Martinsos / edlib

Lightweight, super fast C/C++ (& Python) library for sequence alignment using edit (Levenshtein) distance.
http://martinsos.github.io/edlib
MIT License
493 stars 162 forks source link

add checker for empty sequence #137

Closed y9c closed 4 years ago

y9c commented 4 years ago

fix bug when query sequence is empty.

y9c commented 4 years ago
>>> edlib.align("", "test")
>>> edlib.align("bbb", "", "NW")
{'editDistance': 3, 'alphabetLength': 1, 'locations': [(None, -1)], 'cigar': None}

>>> edlib.align("bbb", "", "HW")
{'editDistance': -720667428, 'alphabetLength': 1, 'locations': [(None, -3), (None, -2), (None, -1)], 'cigar': None}

>>> edlib.align("bbb", "", "SHW")
{'editDistance': -61, 'alphabetLength': 1, 'locations': [(None, -2), (None, -1)], 'cigar': None}
Martinsos commented 4 years ago

Hi @yech1990, thanks for your contribution :)!

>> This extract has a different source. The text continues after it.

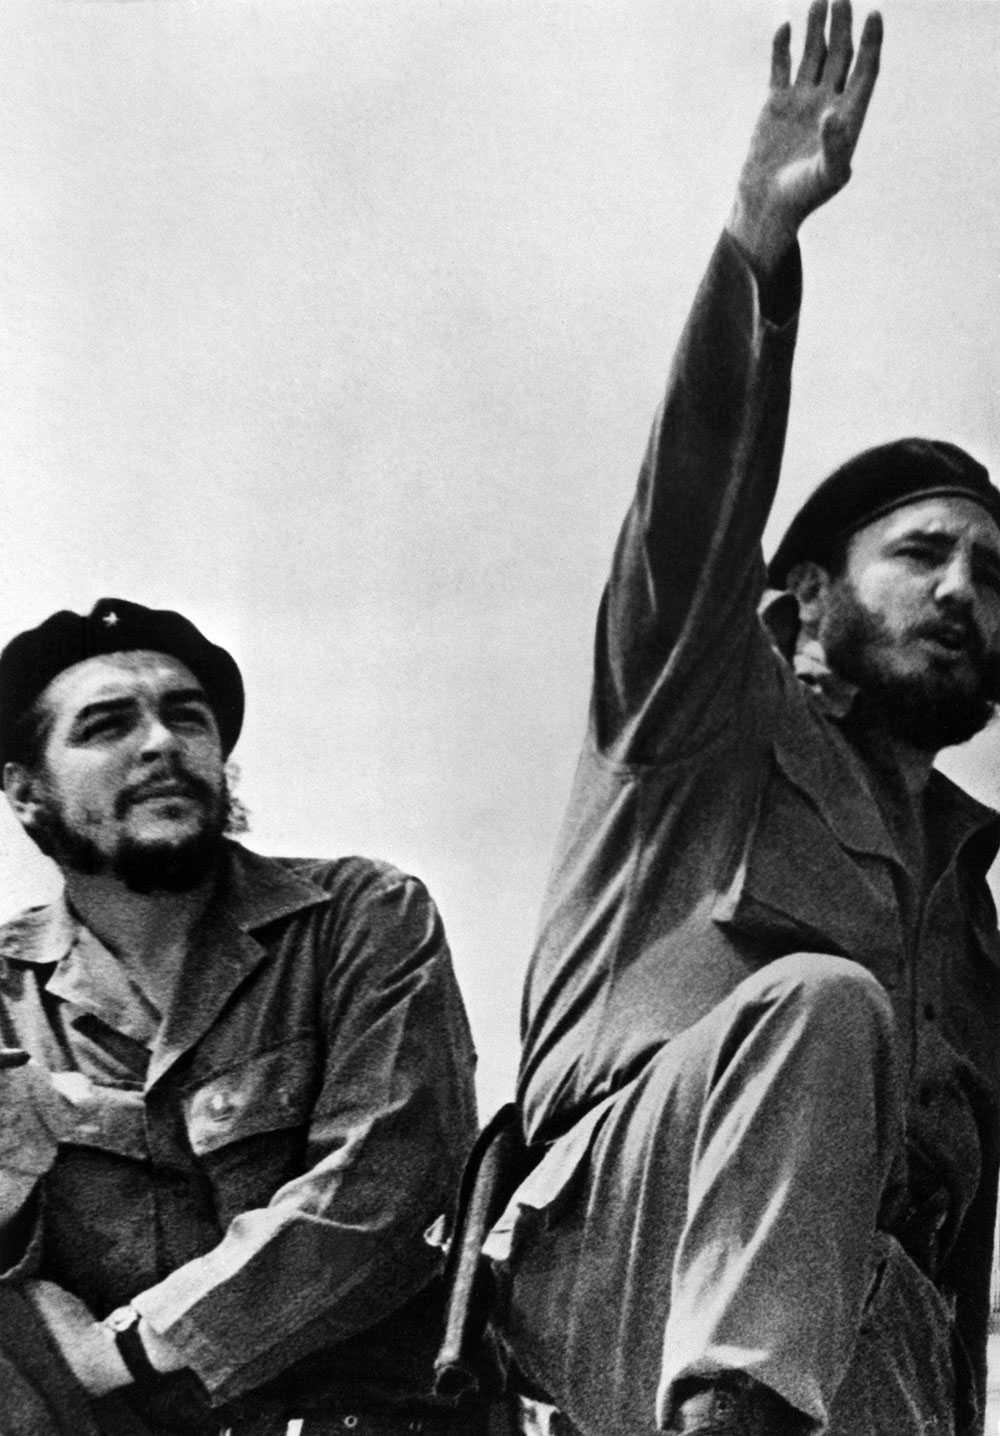 """""""Castro är inte som vilken annan diktator som helst i Latinamerika, en småaktig tyrann som drivs av makt. Hans anspråk sträcker sig betydligt längre än så"""", sade USA:s tidigare president John F Kennedy 1962."""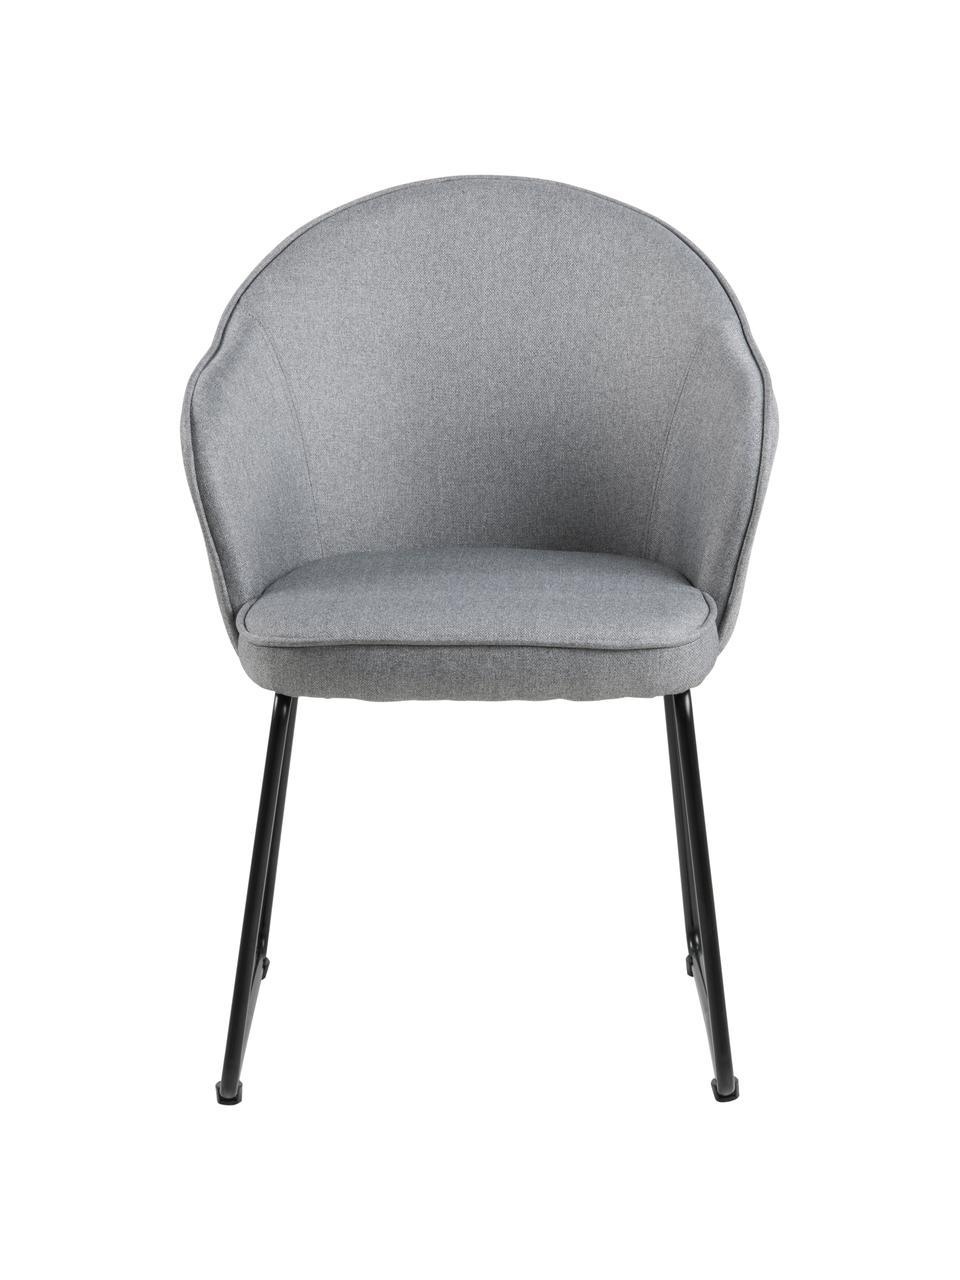 Krzesło z podłokietnikami Mitzie, Tapicerka: poliester Dzięki tkaninie, Nogi: metal lakierowany, Jasny szary, nogi: czarny, S 57 x G 59 cm

While you fixed the problem in Python for NW mode, modes HW and SHW need special handling, and finally problem is actually coming from C++ code, so ideally it would be fixed there.

I already started working on this fix some time ago but then put it aside and forgot about it. I hope you don't mind that, inspired by your PR, I took on this old fix-in-progress of mine and finalized it: 4ecfd34cb51b9aeef36815372fe51f543ae2903f . It fixes problem for all 3 modes (NW, SHW, HW) directly in C++, therefore also fixing it for Python. I added some tests for this, and I also published both new version of Python package and new version of C++ library.

Thanks for help with this!

y9c commented 4 years ago

Hi @Martinsos, thank your for the fix. It works perfectly now.

I realized that a check for input mode is also added into the C++ lib now, but the python module is not updated correspondingly. (It's very low priority)

>>> edlib.align("", "aabbcc", mode="other")
{'editDistance': 6, 'alphabetLength': 3, 'locations': [(None, 5)], 'cigar': None}
Martinsos commented 4 years ago

True @yech1990, we don't check if mode as given correct value! That is a good suggestion - would you mind implementing a short PR for this? Also add one test for it, as I did in my PRs (it is terrible way to define tests I know, all manual, but it was quick solution).